Medicare Part D, the newest part of Medicare, is a prescription drug plan, which has some co-pays and deductibles. It is purchased separately or as part of another insurance policy. The cost of co-pays and deductibles and which drugs are covered varies from one insurance company to another.

There also are Medicare Advantage Plans (sometimes called Part C) and Medicare Supplement Plans (sometimes called Part F or Medigap).

Advantage Plans are administered by insurance companies but with subsidies from the federal government. They usually include prescription drug coverage. There are co-pays that the individual is responsible for but unlike regular Medicare, there are limits to the out-of-pocket costs that vary depending on the insurance company. Fifteen million people have Medicare Advantage Plans, Hanby says.

Supplemental policies are the most comprehensive, but they can be expensive, as much as $2,000 or more a year. Supplemental plans cover most or all of the co-pays and deductibles and any expenses above what Medicare allows.

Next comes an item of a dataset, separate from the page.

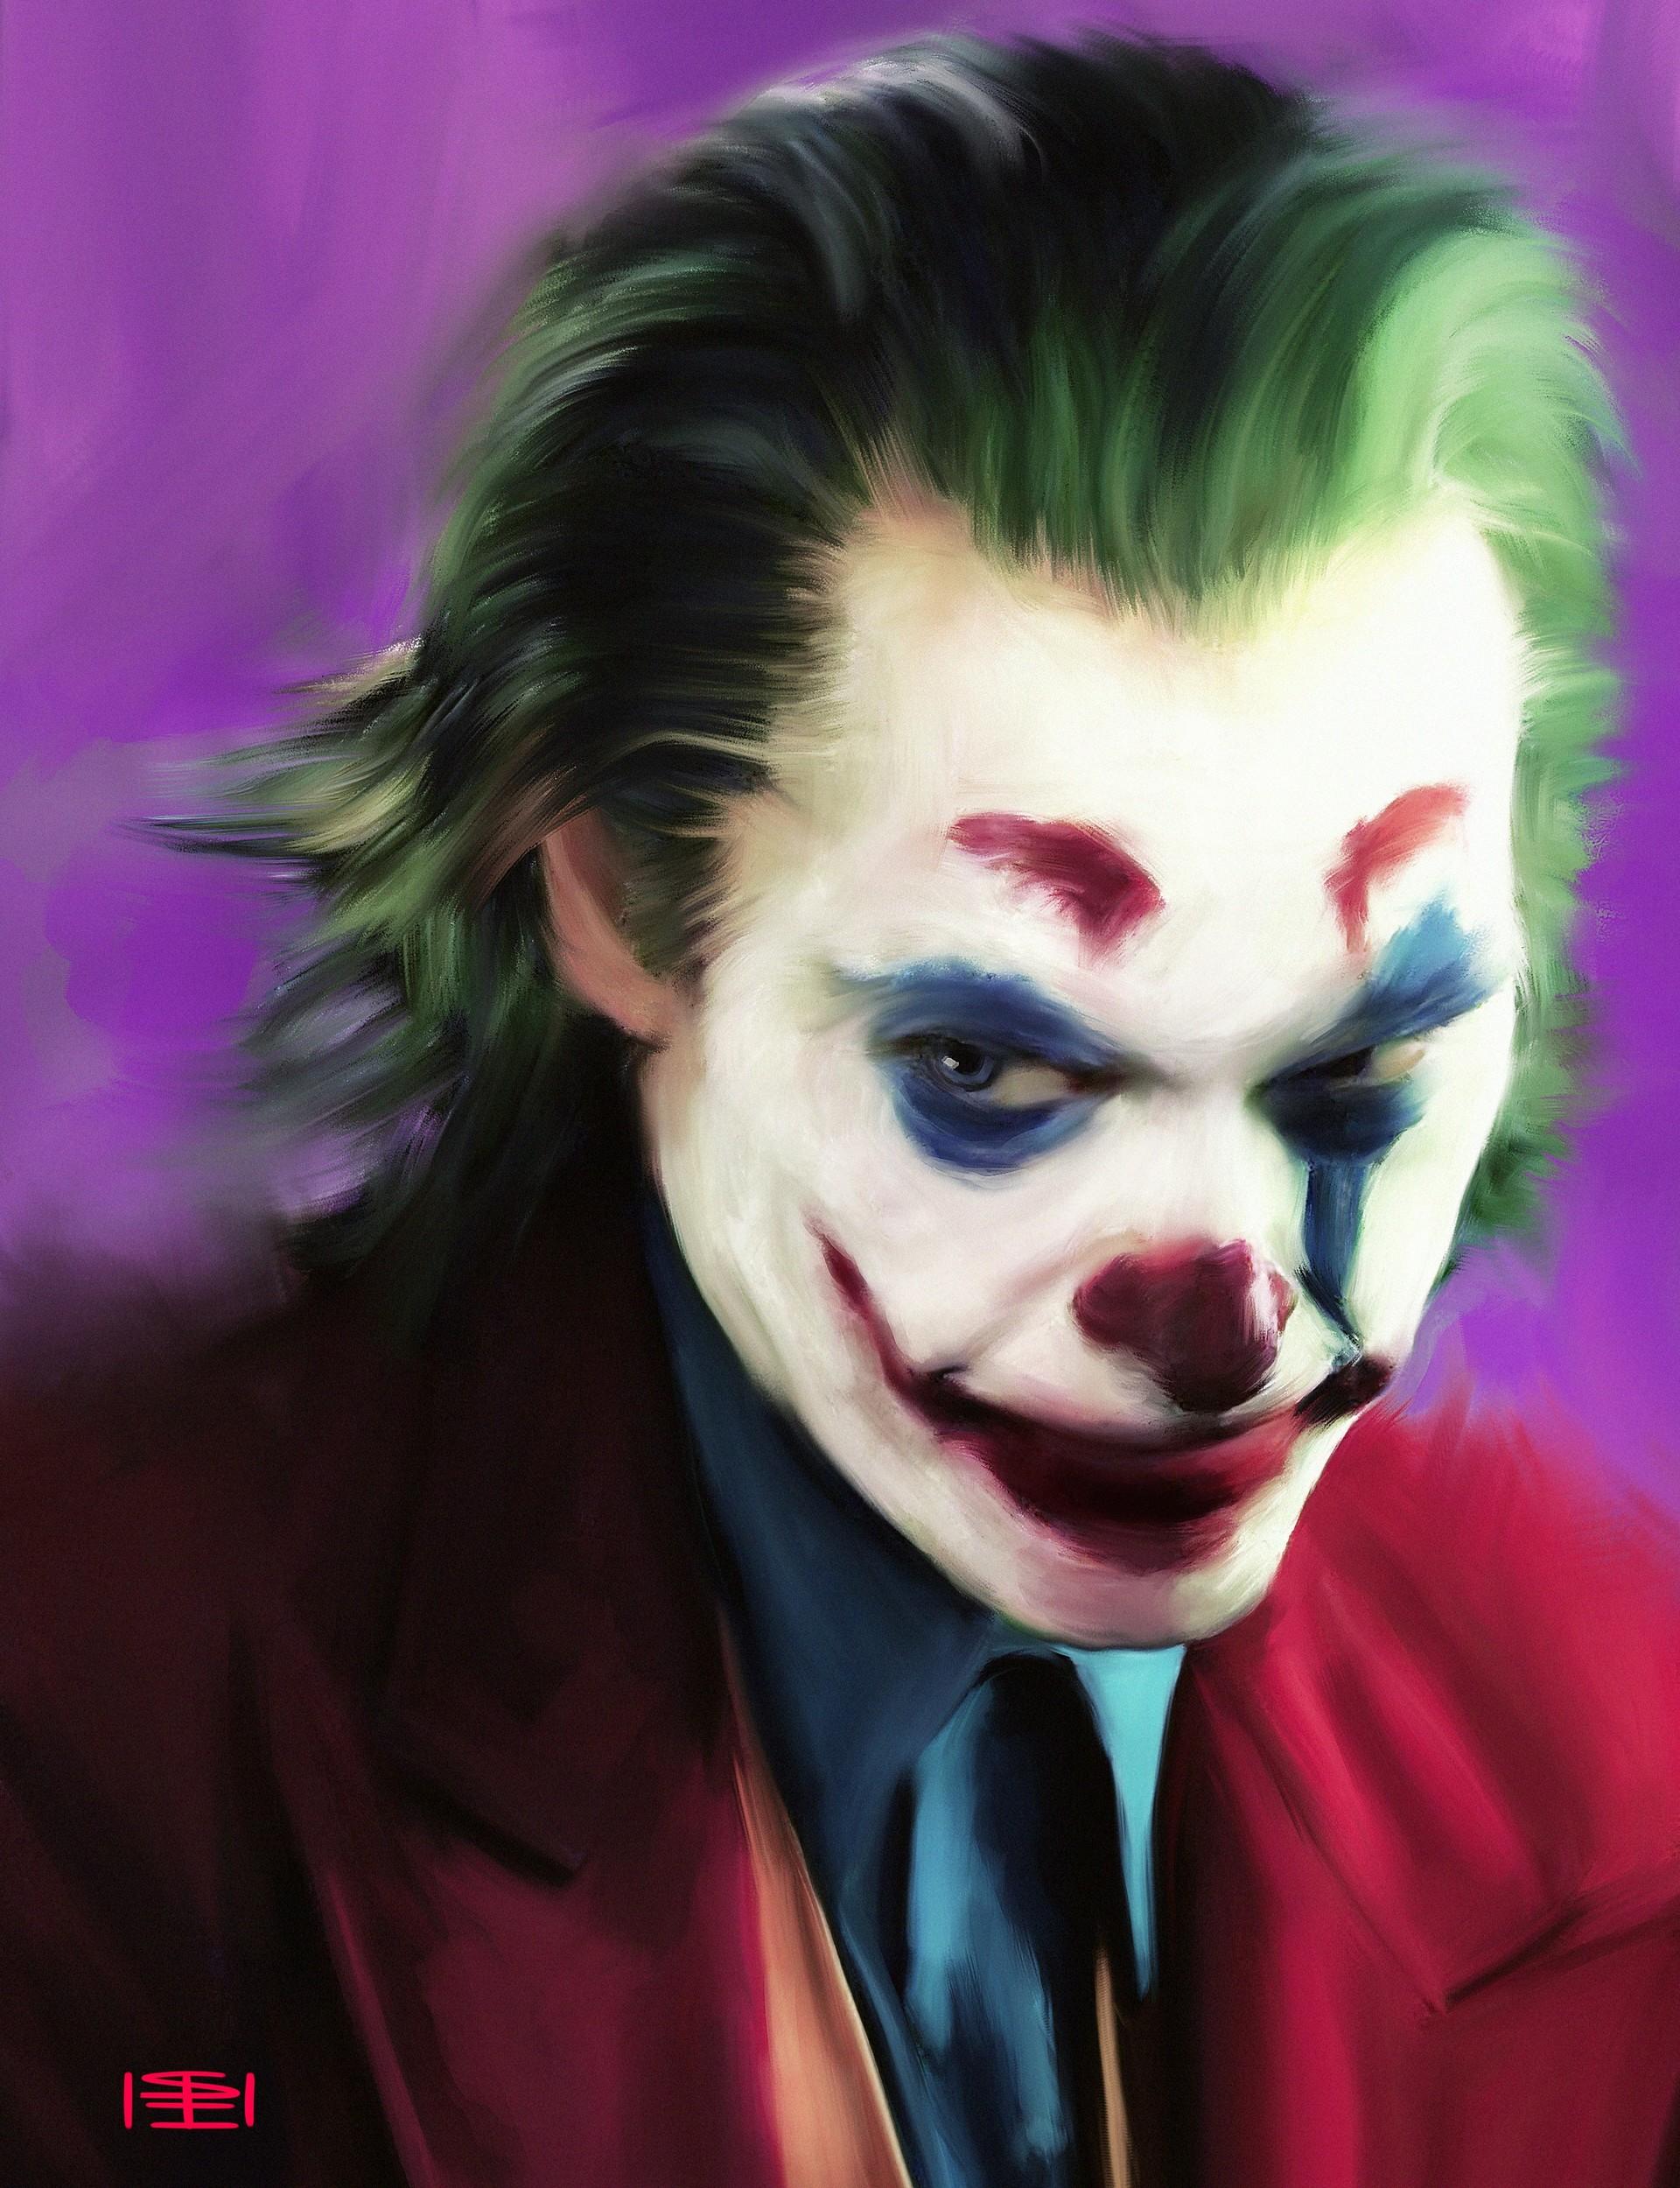 Wallpaper Joker Movies 2019 Artwork Digital Art

Three types of people want a supplemental plan: the ones who can afford the best coverage; the ones who hate paying deductibles and co-pays every time they visit a doctor or hospital, and the ones who are in poor health and are going to require extensive doctor and hospital visits.

A person can switch from one prescription drug plan to another, or from one Advantage Plan to another, without health questions during open enrollment periods from Oct. 15 to Dec. 7 each year.

A person can also switch from an Advantage Plan to a supplemental plan during the first 12 months after purchase without health questions. After that, the insurance company can ask health-related questions to determine eligibility for the supplemental plan.

“I don’t think the first year’s premium on these policies is always the most important thing,” Hanby explains. “You have to consider how much a company’s rates go up each year because it can mean a lot of money over a period of years.”

“A financial advisor has to know his client has choices. If an advisor does not deal with Medicare all the time, he should call in someone who does or learn the details himself in order to best serve the client,” Hanby says.